A bracket 76 supports the spout 62 and the hydraulic cylinder 66. On one side of the bracket 76, the movable spout 62 is configured to extend upwardly through an opening 77 in a plane substantially flush with the upper surface 46 of the support deck 28, for instance a kitchen countertop (FIG. 7). At the lower end, the spout 62 is secured to the slide 74, which may slide along a circular track 78 behind the spout 62. The toothed belt 70, which is guided by a number of wheels 80, is secured to the movable slide 74. Movement of the toothed belt 70 thus causes the slide 74 to be moved either upwards or downwards along the circular track 78. Via a shaft 82 extending through the bracket 76, one of the wheels 80a is connected to the gear wheel 72 meshing with the toothed rack 68 on the other side of the bracket 76 (FIGS. 7 and 9). The toothed rack 68 is fixedly connected with the piston rod 64 and is upwardly movable dependent on the pressure of a fluid applied to the piston rod 64.

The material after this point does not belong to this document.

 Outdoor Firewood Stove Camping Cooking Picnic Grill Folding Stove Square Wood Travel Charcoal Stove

FIG. 10 shows an illustrative embodiment hydraulic control circuit 90 associated with the faucet 610. On the left-hand side of FIG. 10, the cold water supply 40, the hot water supply 45, and the mixed water supply 18, respectively, are shown. When the mixed water supply 18 is turned on, a slide valve 92 is effected such that the pressure from the cold water supply 40 is exerted on the piston rod 93 of a cylinder 94 which thereby moves to the right in FIG. 10. When the piston rod 93 reaches an outer position, a pushbutton 95 of a slide valve 96 is activated and is thus displaced in a downward direction. The water pressure being supplied to the right side of a subjacent slide valve 97 thus decreases, whereby the slide valve 97 is displaced to the right such that passage for the mixed water supply 18 to the discharge spout 62 is provided.

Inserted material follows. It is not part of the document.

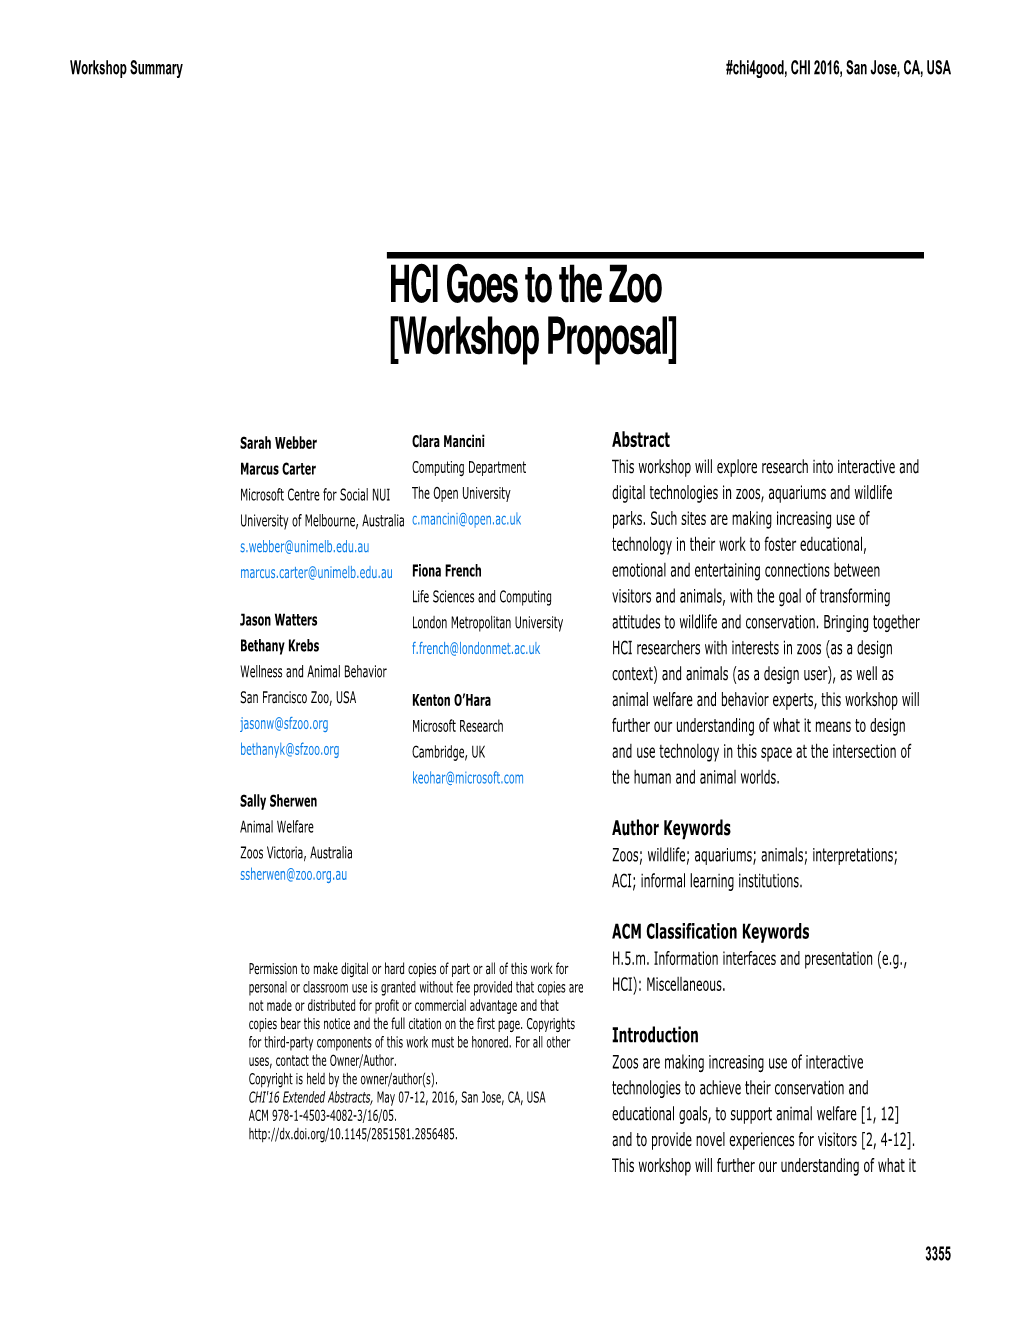 HCI Goes to the Zoo [Workshop Proposal]

A special release valve 98 is further provided which is configured to be activated when the spout 62 is to be moved downwards. More particularly, activation of the release valve 98 causes the slide valve 92 to return to its neutral position (to the left in FIG. 10), which in turn causes the pushbutton 95 of the slide valve 96 to be deactivated. As a result, the slide valve 96 returns to its neutral position (upward in FIG. 10), whereby the slide valve 97 is displaced to the left such that the mixed water supply 18 is disconnected from the spout 62.
Optionally, a cover may be provided over the opening of the discharge spout 62 such that the entire arrangement becomes more discrete, and optionally such that the control unit per se is not visible.
In all of the shown embodiments, the spout 12, 62 may be pivotal in its uppermost or raised position for convenient positioning relative to the sink 22. More particularly, the spout 12, 62 may pivot about a substantially vertical axis for positioning of the outlet 20 above the sink 22.
The faucet according to the invention is not intended for kitchen sinks only. It may also be used in connection with a washbasin (basin), a bathtub or a bidet, and optionally also in a shower. Further, while the illustrative embodiment faucet may be controlled by hydraulics, such as the hydraulic control circuit 90 of FIG. 10, the faucet may also be electronically controlled.
Although the invention has been described in detail with reference to certain preferred embodiments, variations and modifications exist within the spirit and scope of the invention as described and defined in the following claims.